Sergent-enquêteur Hippolyte Gallant was with L’unité “Cold cases” du Service des enquêtes sur les crimes contre la personne de la Sûreté du Québec. Big title. Easy translation. Provincial police. Crimes against persons. Cold case squad.

Though Hippo and I had worked a case or two since the unit’s creation in 2004, I’d never cracked his accent. It wasn’t the joual of Quebec’s Francophone working class. It was definitely not Parisian, Belgian, North African, or Swiss. Whatever its origin, Hippo’s French was a mystery to my American ear.

Fortunately, Hippo was fluently bilingual.

“Sorry, doc.” Hippo switched to English. Accented, and slang-heavy, but intelligible. “I’m downstairs parking my car. Got something to run by you.”

“LaManche just handed me an urgent case. I was heading to the morgue.”

“Ten minutes?”

Already my watch said 9:45.

“Come on up.” Resigned. Hippo would find me, anyway.

He appeared twenty minutes later. Through the observation window, I watched him work the corridor, pausing to exchange greetings with those pathologists still in their offices. He entered my lab carrying a Dunkin’ Donuts bag.

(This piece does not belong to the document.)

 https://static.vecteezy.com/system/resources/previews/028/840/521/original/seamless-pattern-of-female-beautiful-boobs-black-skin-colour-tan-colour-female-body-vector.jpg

How to describe Hippo? With his extra poundage, plastic-framed glasses, and retro crew cut, he looked more like a code programmer than a cop.

Hippo crossed to my desk and parked the bag on it. I looked inside. Doughnuts.

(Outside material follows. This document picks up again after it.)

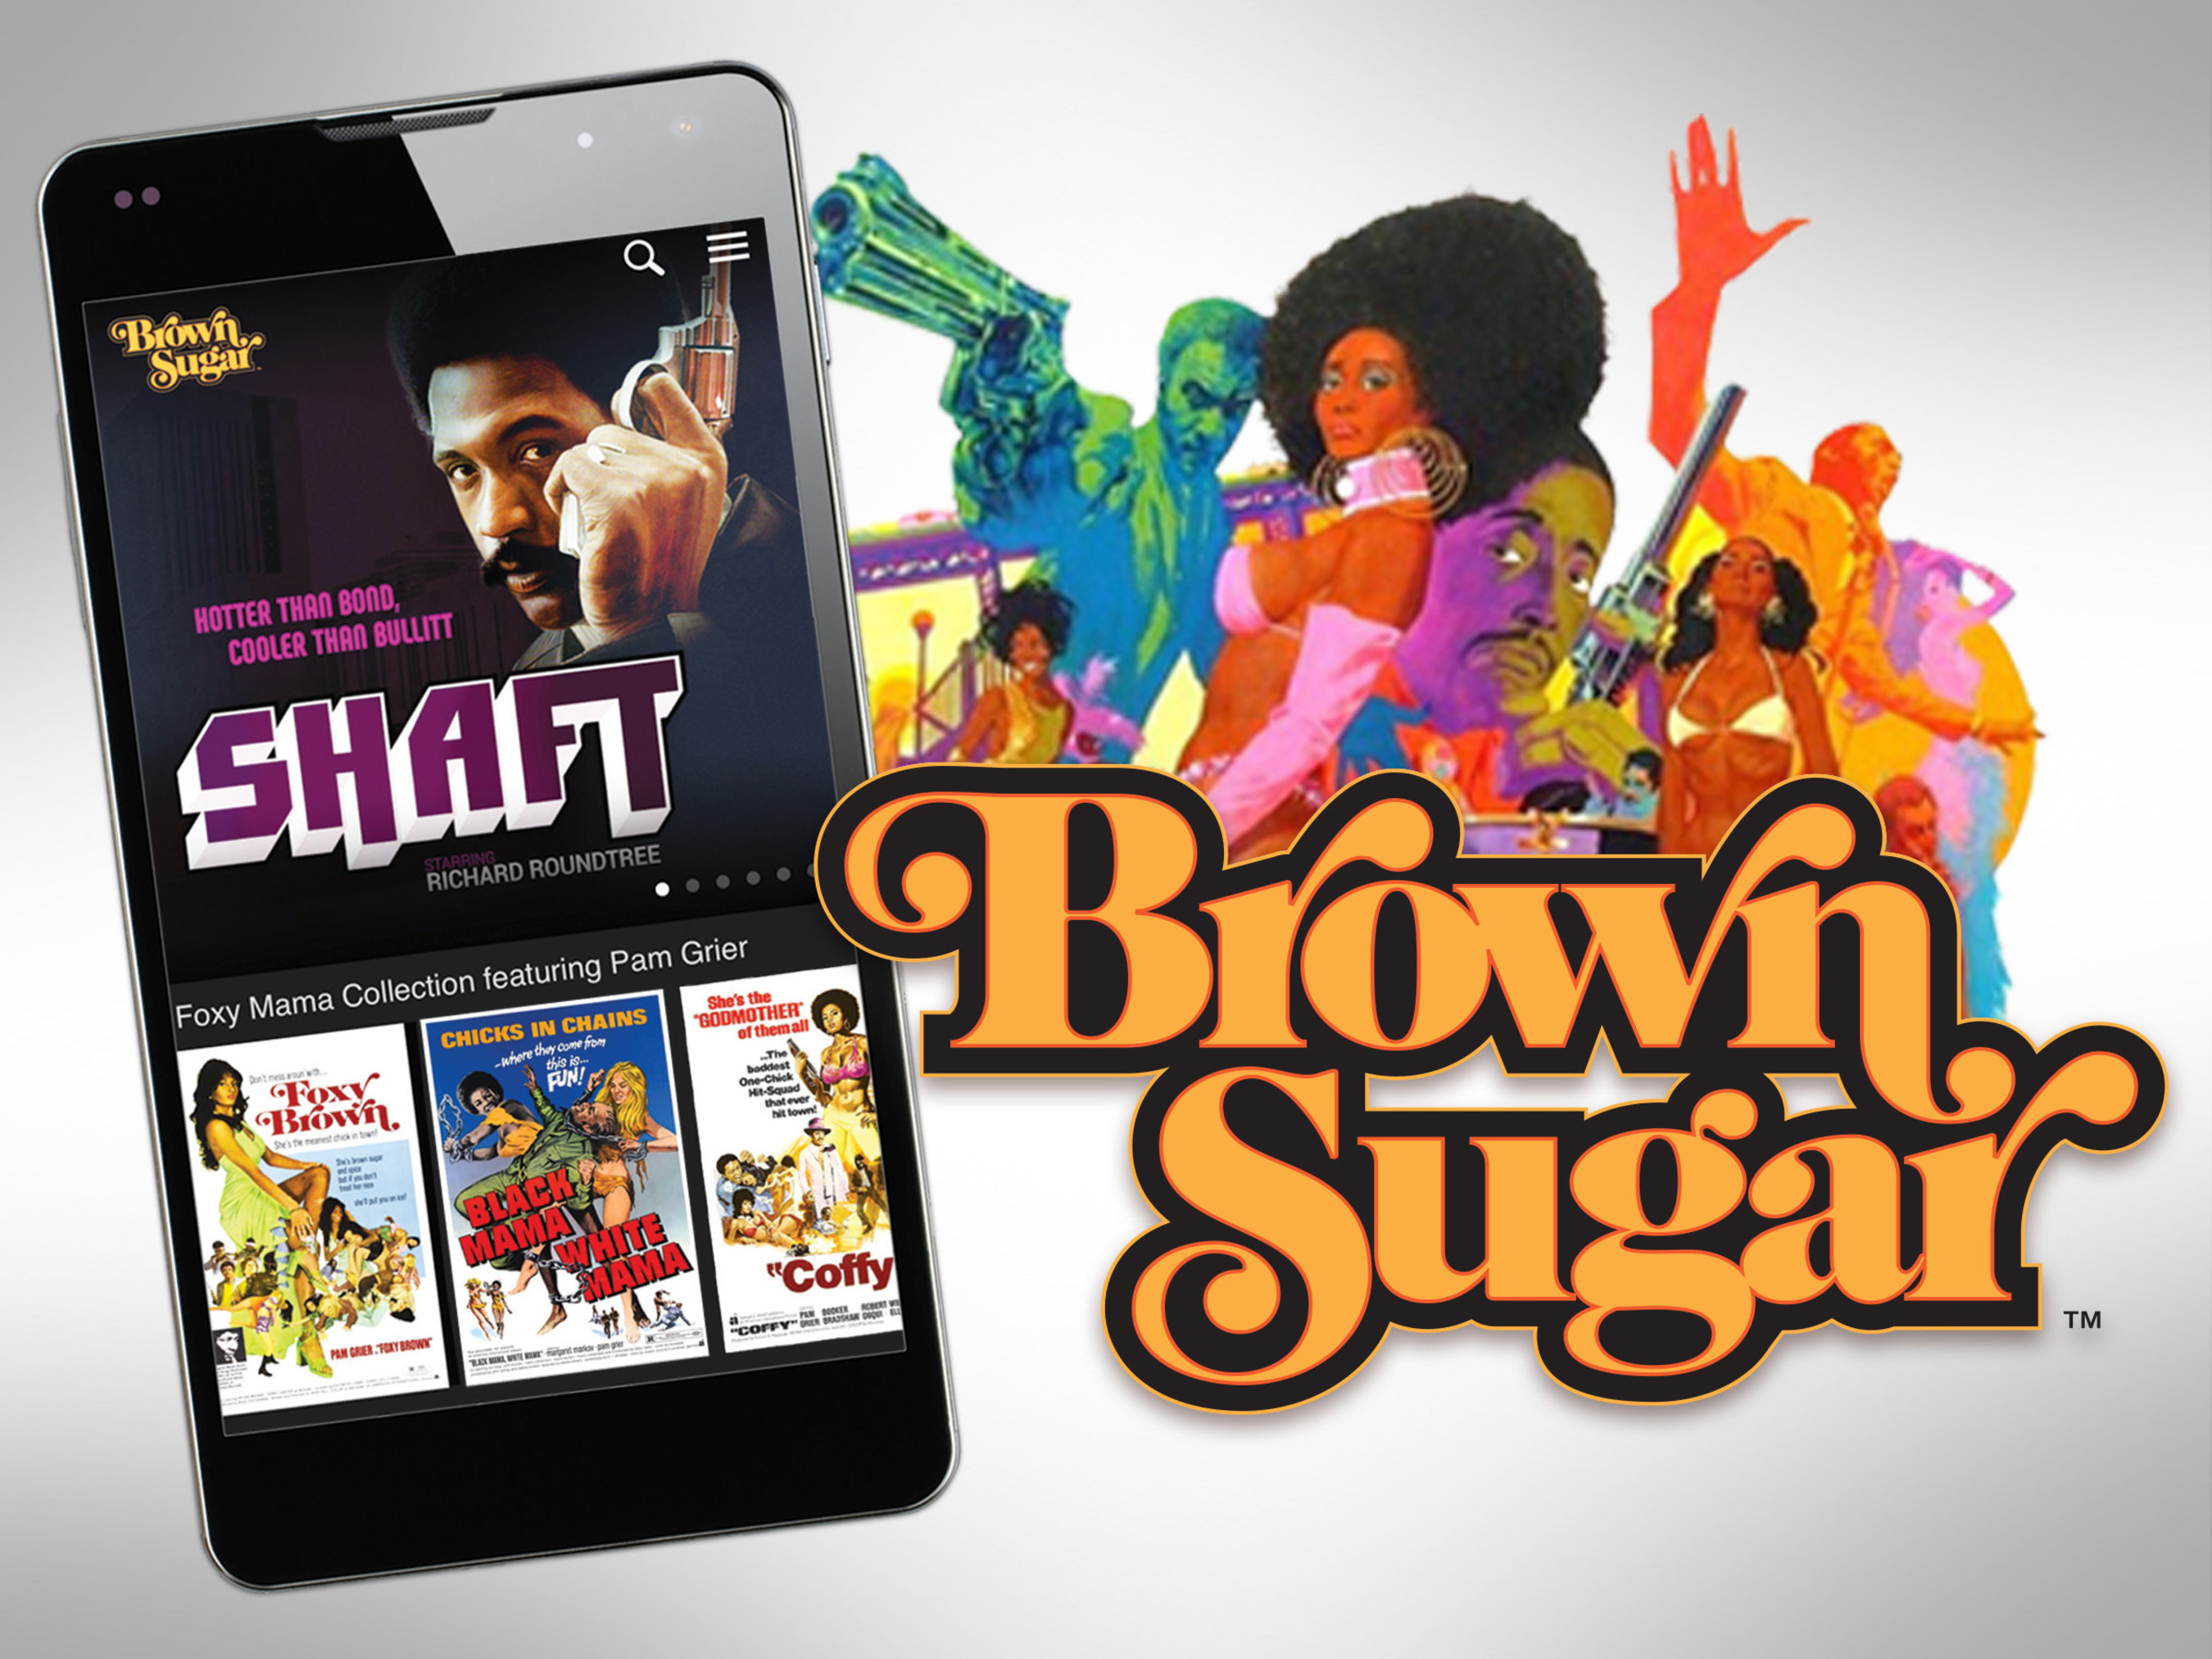 Brown Sugar - New Streaming Service for African Americans Featuring the Biggest Collection of the Baddest Movies

To say Hippo wasn’t into healthy living would be like saying the Amish weren’t into Corvettes. A few members of his squad called him High Test Hippo. Ironic, since the man’s stomach was perpetually upset.

Hippo helped himself to a maple syrup frosted. I went with chocolate.

“Figured you mighta skipped breakfast.”

“Mm.” I’d eaten a bagel with cream cheese and a half pint of raspberries.

“That your urgent case?” Hippo chin-cocked the construction site lamb chops and poultry.

“No.” I didn’t elaborate. It was already past ten. And my mouth was full of chocolate and dough.

“Want your take on something.”

“I do have to get downstairs.”

Hippo dragged a chair toward my desk. “Ten minutes, I’m outta here.” Settling, he licked sugar from his fingers. I handed him a tissue. “It’s not something you gotta do.”

I hand-gestured “Give it to me.”

“It’s bones. I haven’t seen the actual stuff. This comes from an SQ buddy. He’s been with the provincial police for eighteen years, and was just transferred from Rimouski to Gatineau. We had a few beers when he was passing through Montreal.”

I nodded, really thinking about the doughnuts. Had there been another maple syrup frosted in the bag?

“Me and Gaston, that’s his name. We been buds since we was kids. Grew up in a spit little town in the Maritimes.” Finally, an explanation of Hippo’s accent. Chiac, a vernacular French similar to joual but specific to some of the Atlantic provinces.

“There’s this skeleton’s been bugging Gaston for a couple years. He’s half Micmac, you know. First Nations?”

I nodded again.

“He’s got a thing about the dead being buried proper. Thinks your spirit’s screwed if you ain’t planted six feet under. Anyway, some SQ dick at Gaston’s last posting keeps a skull in his desk. Has the rest of the skeleton in a box.”

“How did this detective come to have these bones?” I lifted the bag and held it out. Hippo shook his head. I looked inside, barely interested. Yes! One maple syrup frosted. I set the bag down.

“Gaston doesn’t know. But his conscience is kicking ass because he didn’t do more to get the bones buried.”

“No grave, no afterlife.”

“Bingo.”

“This is where I come in.”

“Gaston asked me if I’d heard of some bone lady here in Montreal. I said, you kiddin’? Doc Brennan and me is sympathique.” Hippo raised and joined two nicotine-stained fingers.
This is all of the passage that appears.